--- What you have to do ---
The required output is the lines below from the line containing "MH Gingerbread bash 1920 x 1080" to the line containing "Angle View: Ninja", inclusive, retyped exactly. No other lines belong in it.

Dataset content Start Marker

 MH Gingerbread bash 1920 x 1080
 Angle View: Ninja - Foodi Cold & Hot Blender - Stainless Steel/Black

Dataset content End Marker
Dataset content Start Marker

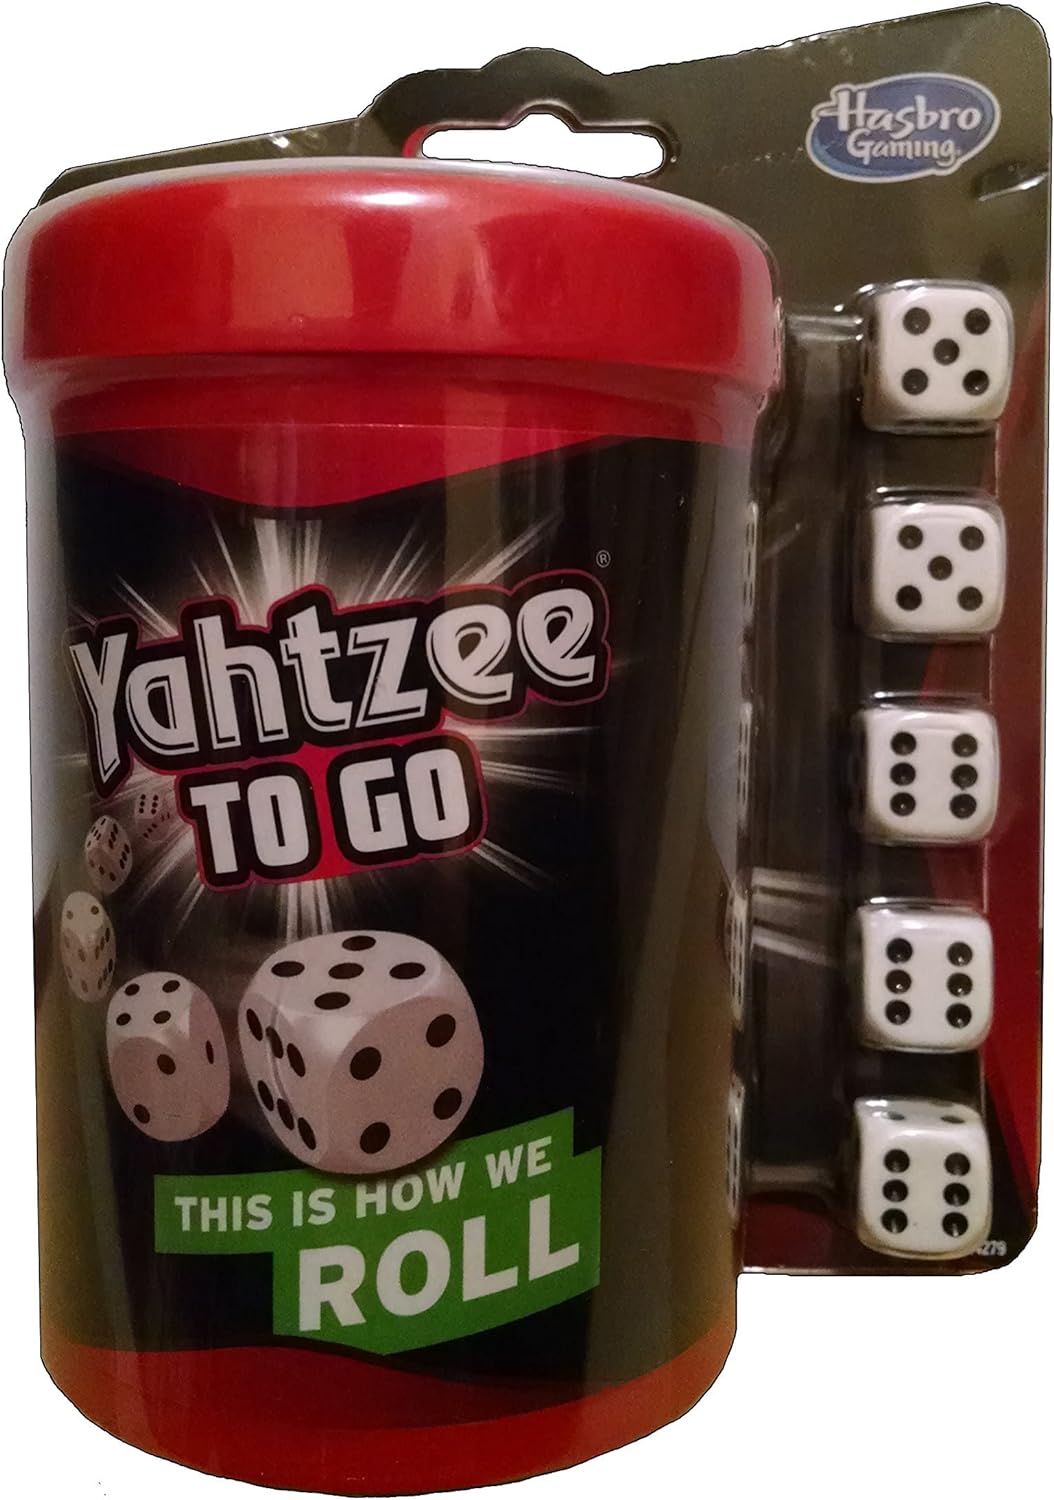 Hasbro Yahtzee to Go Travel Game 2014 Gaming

Dataset content End Marker
Dataset content Start Marker

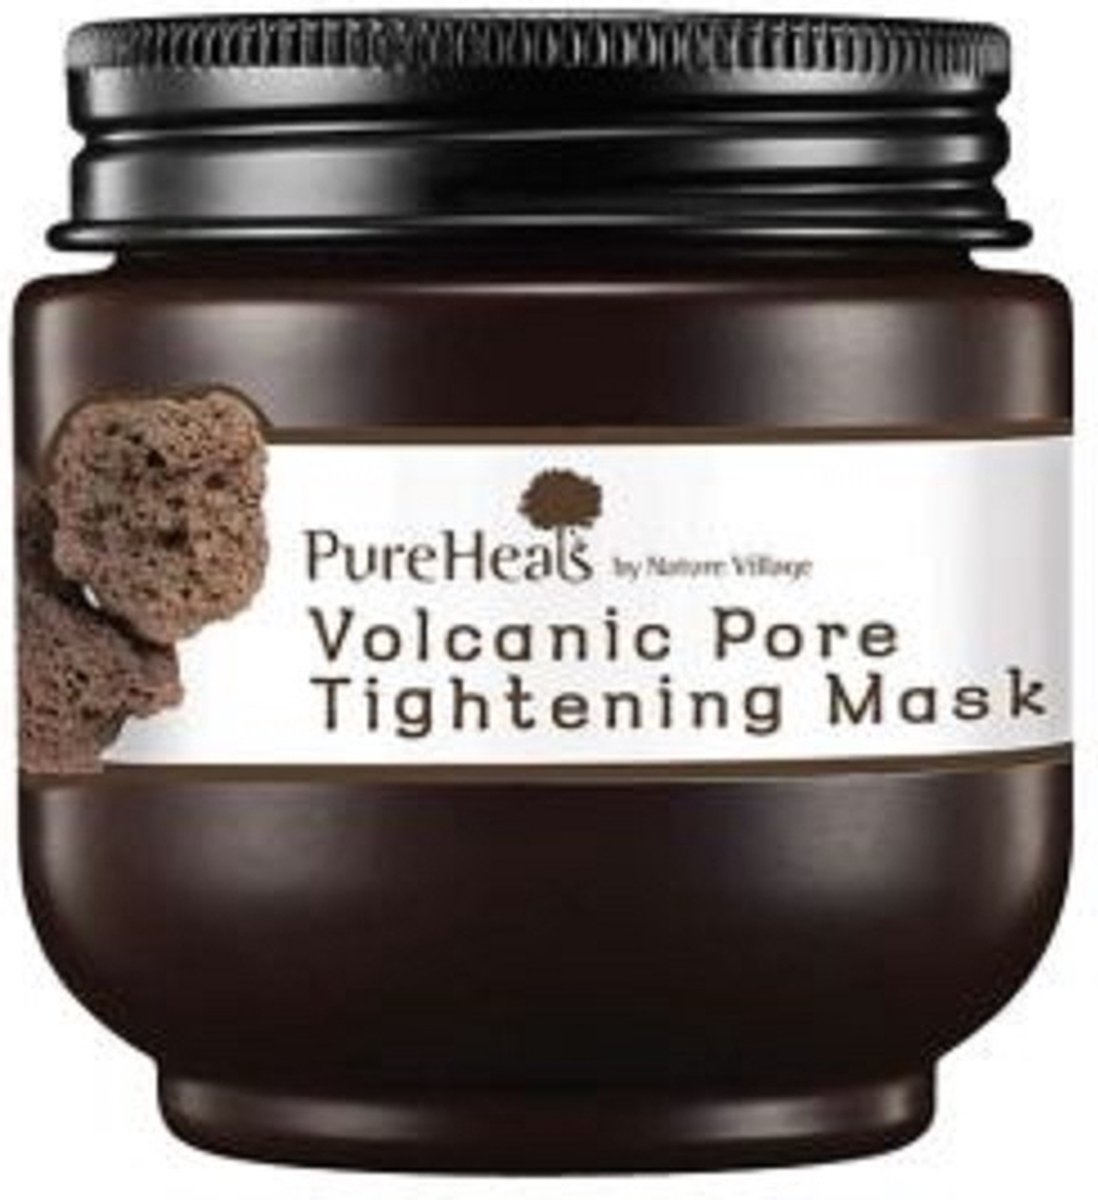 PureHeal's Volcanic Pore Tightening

Dataset content End Marker

--- Output for this task ---
 MH Gingerbread bash 1920 x 1080
 Angle View: Ninja - Foodi Cold & Hot Blender - Stainless Steel/Black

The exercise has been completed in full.